• Given data:
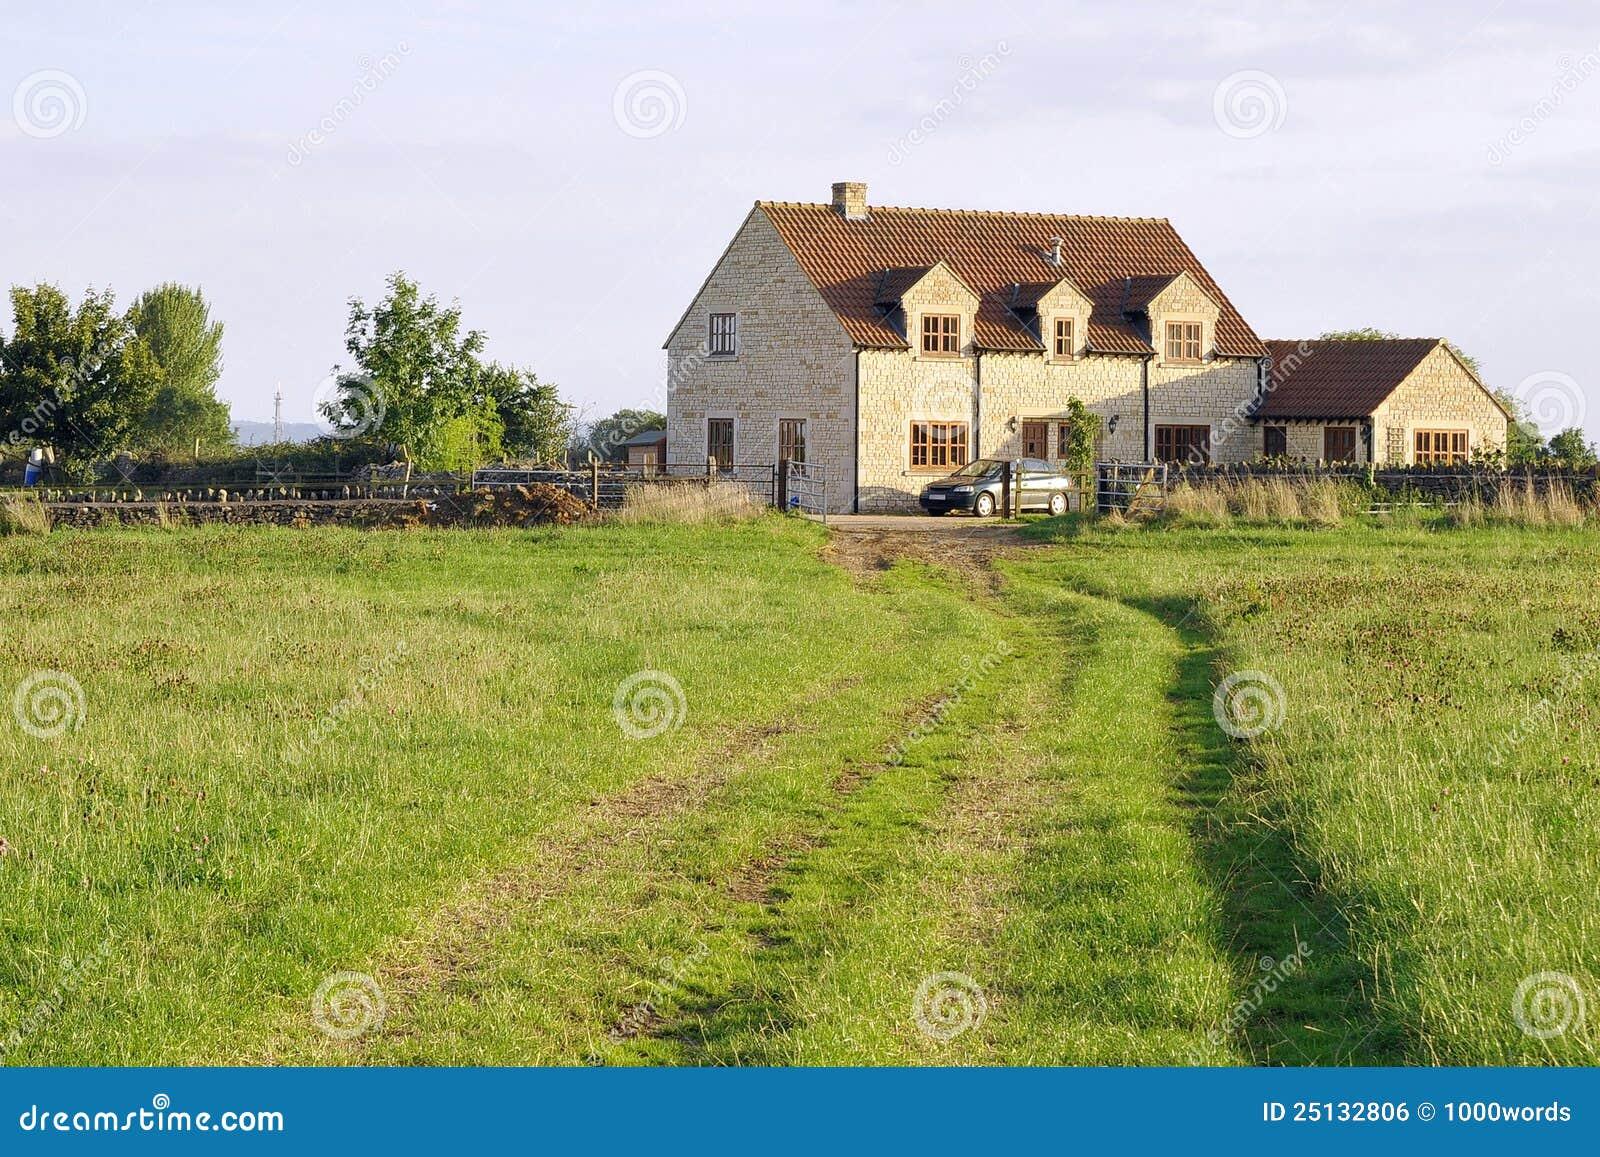 English Farmhouse And Grounds Royalty Free Stock Image Image
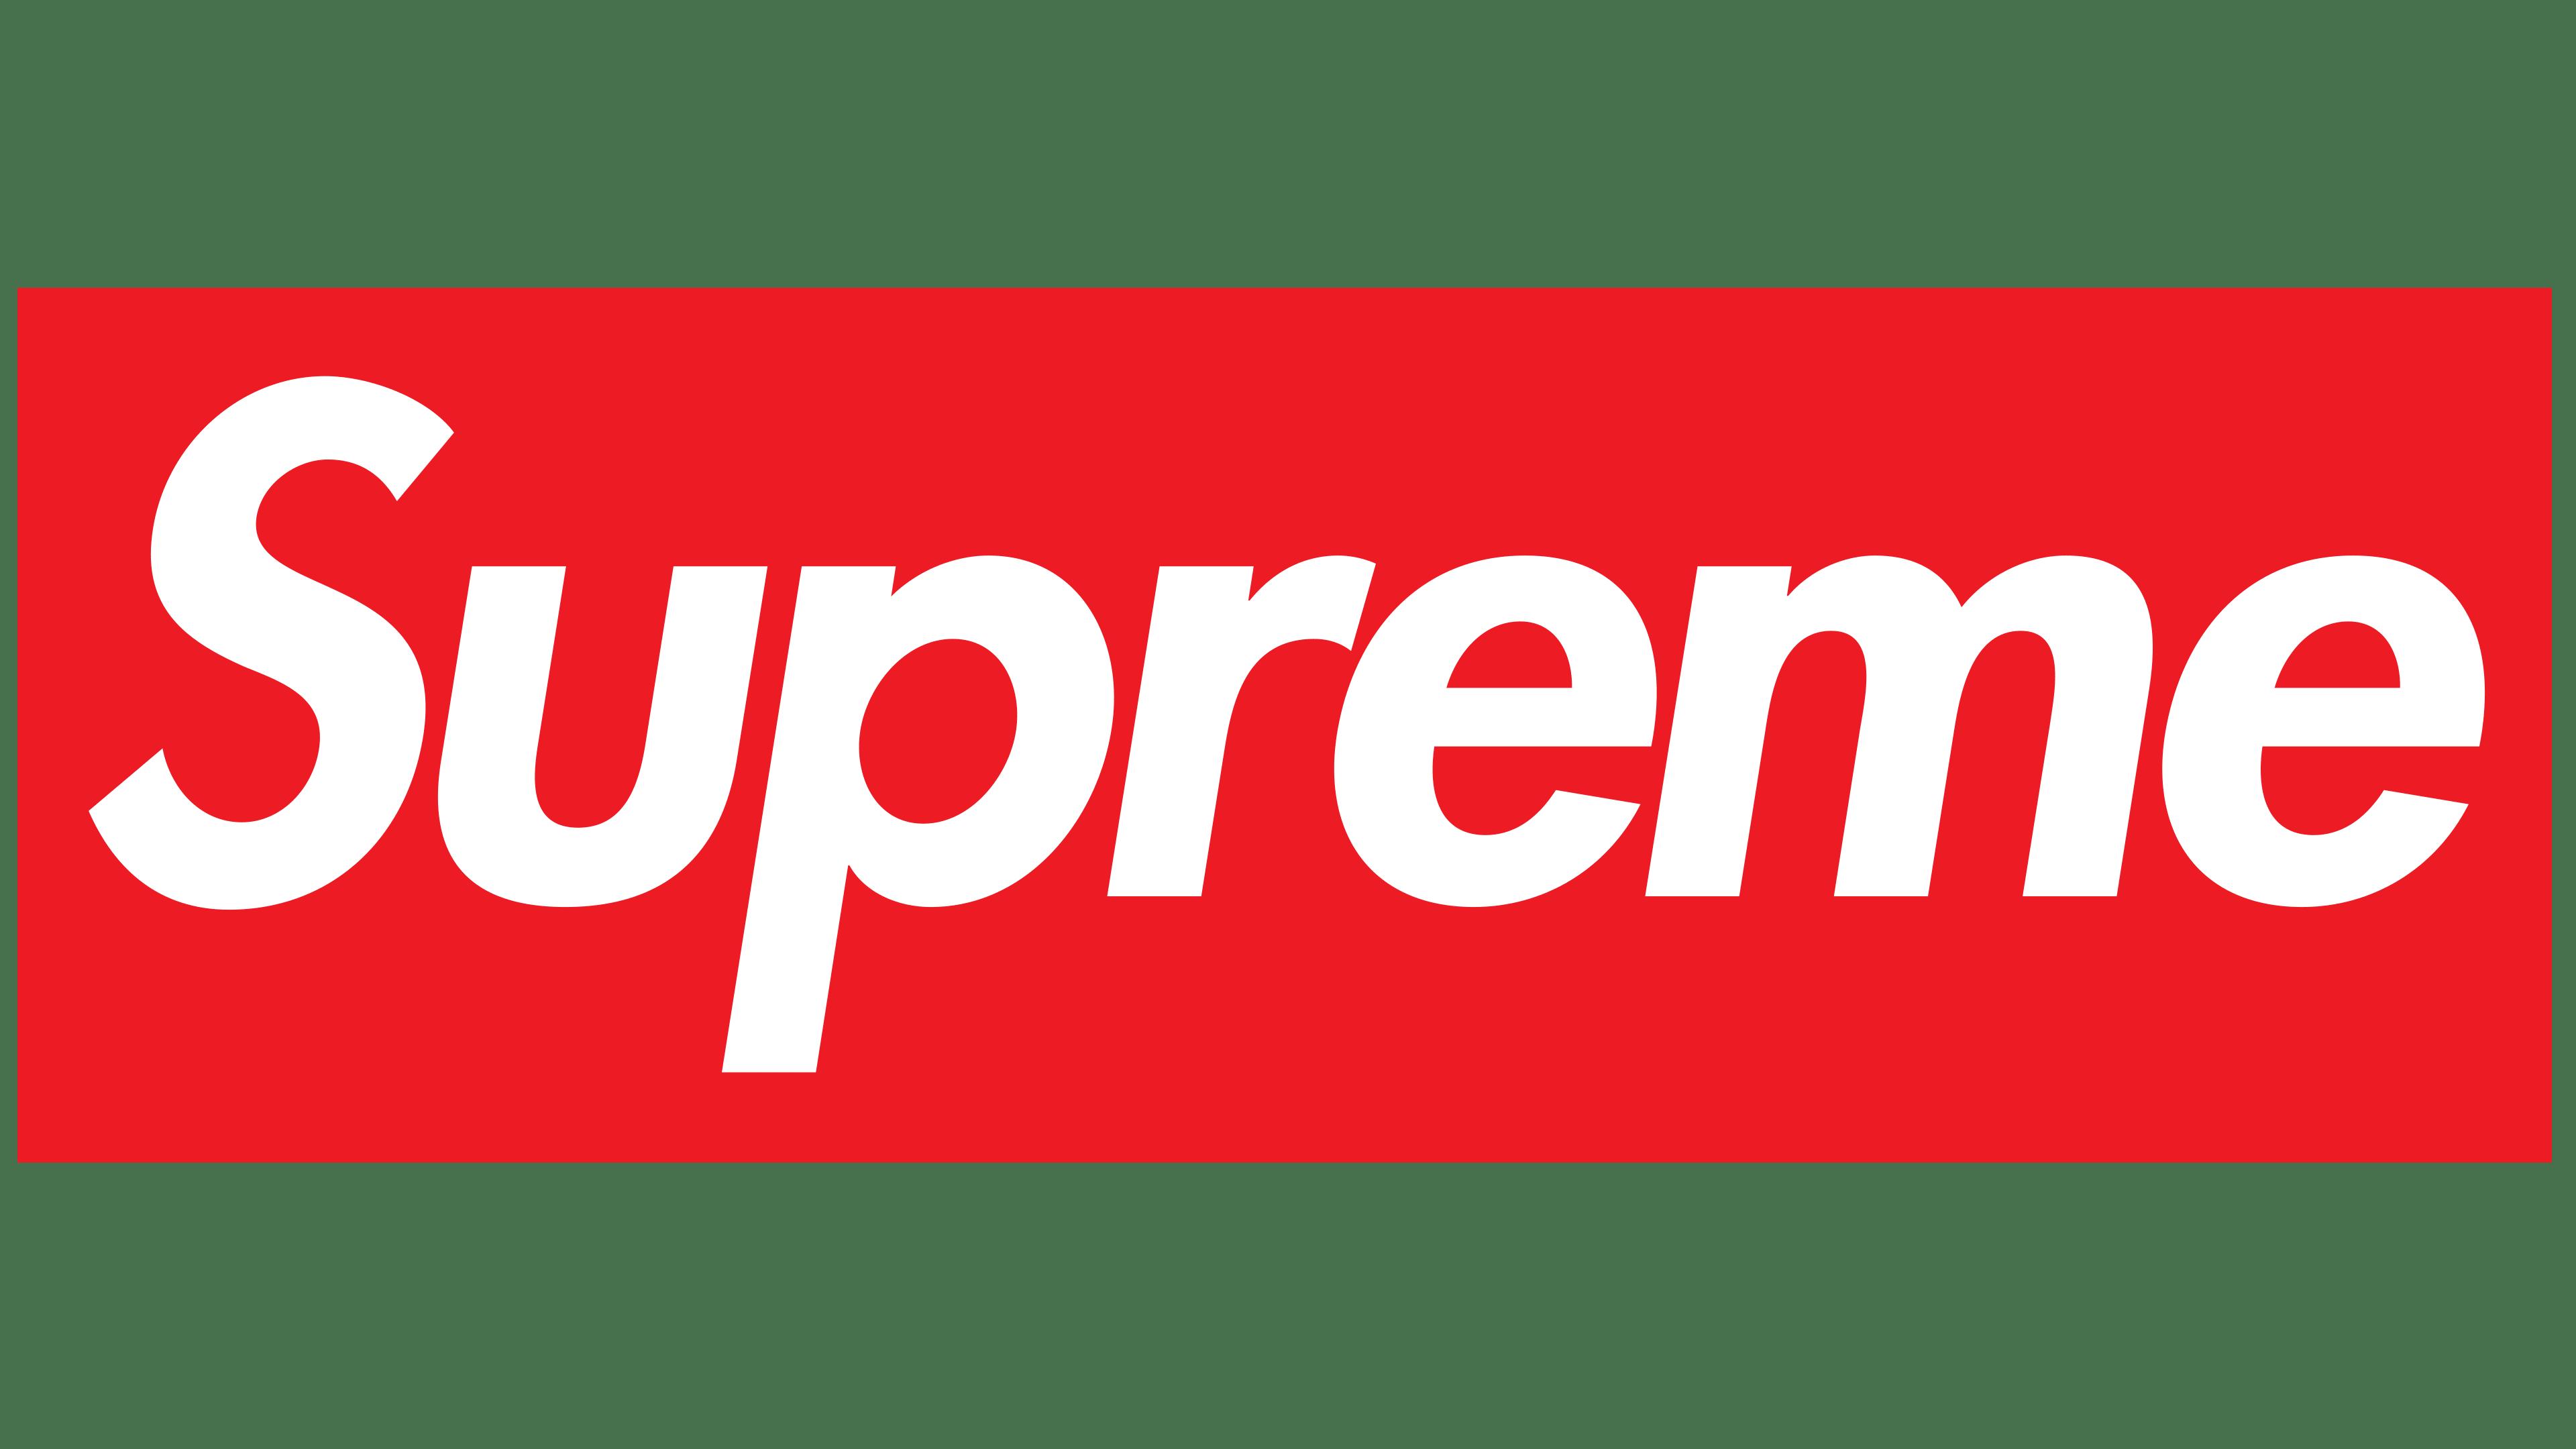 supreme-logo-png
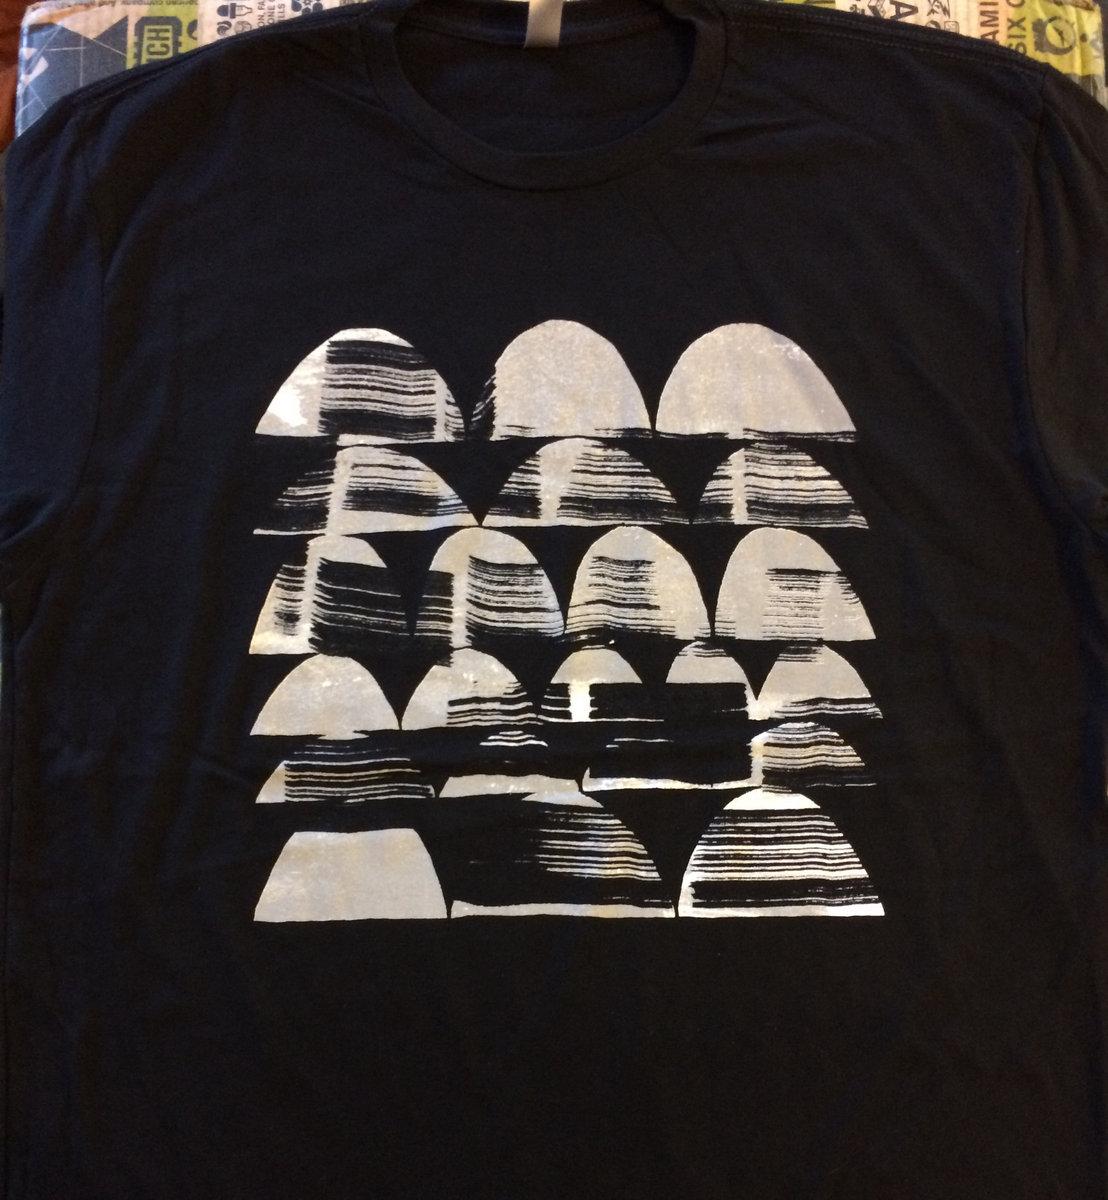 Treasure Pains Alternate Cover T Shirt Slow Mass
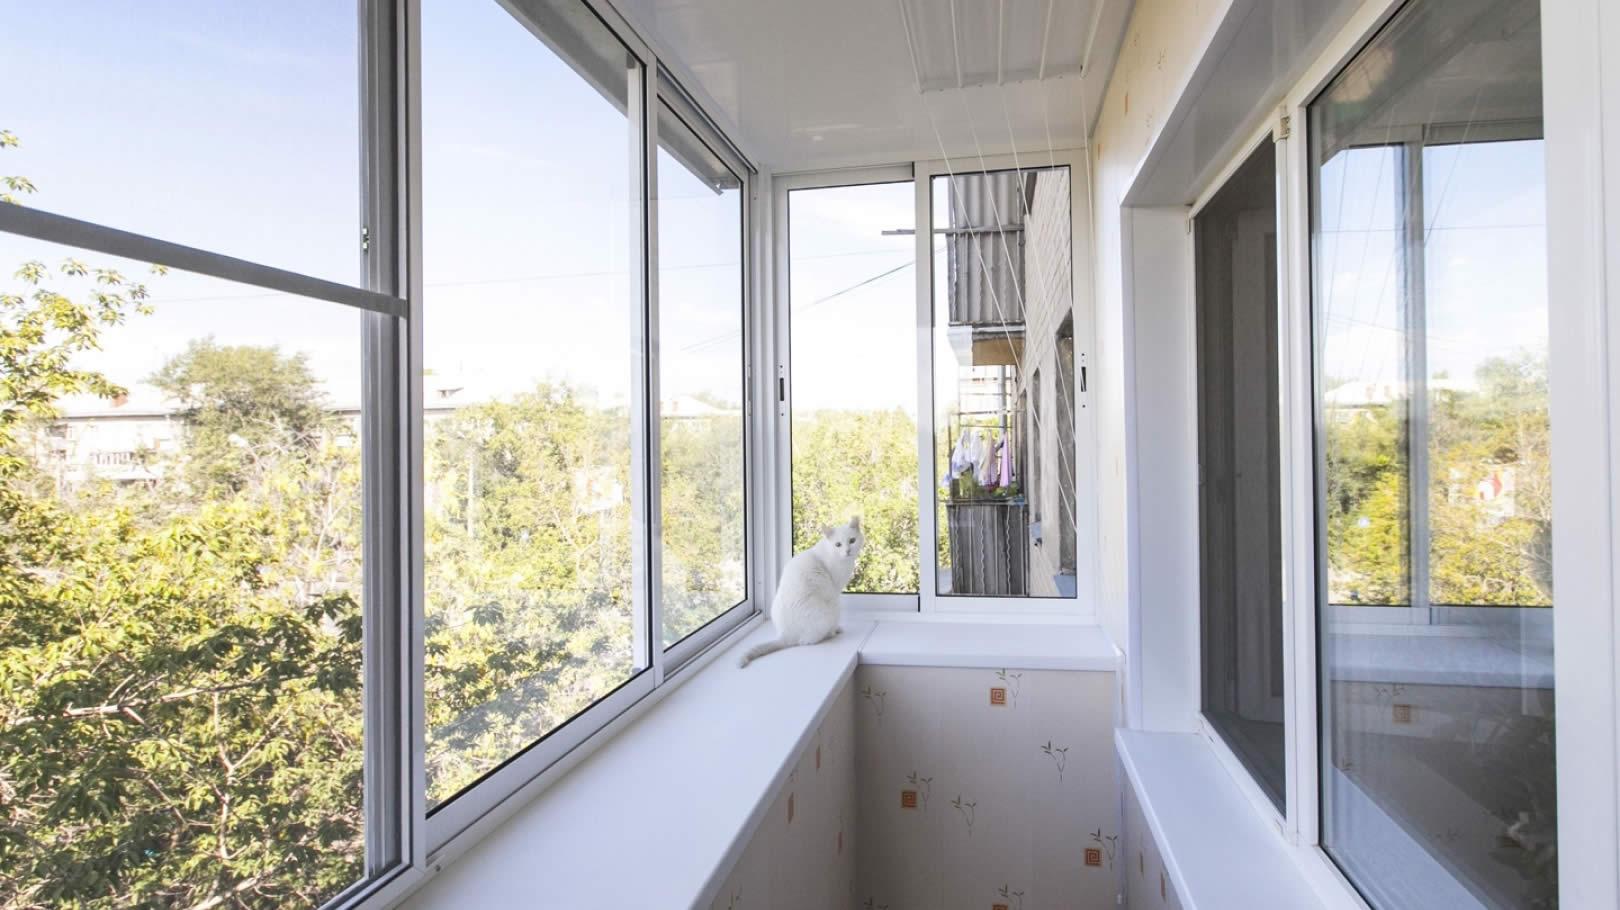 Балкон под ключ в Киеве  изготовление и монтаж от

• Assignment: Repeat the data above exactly; images are not part of the copy.

• Exercise output:
 English Farmhouse And Grounds Royalty Free Stock Image Image
 supreme-logo-png
 Treasure Pains Alternate Cover T Shirt Slow Mass
 Балкон под ключ в Киеве  изготовление и монтаж от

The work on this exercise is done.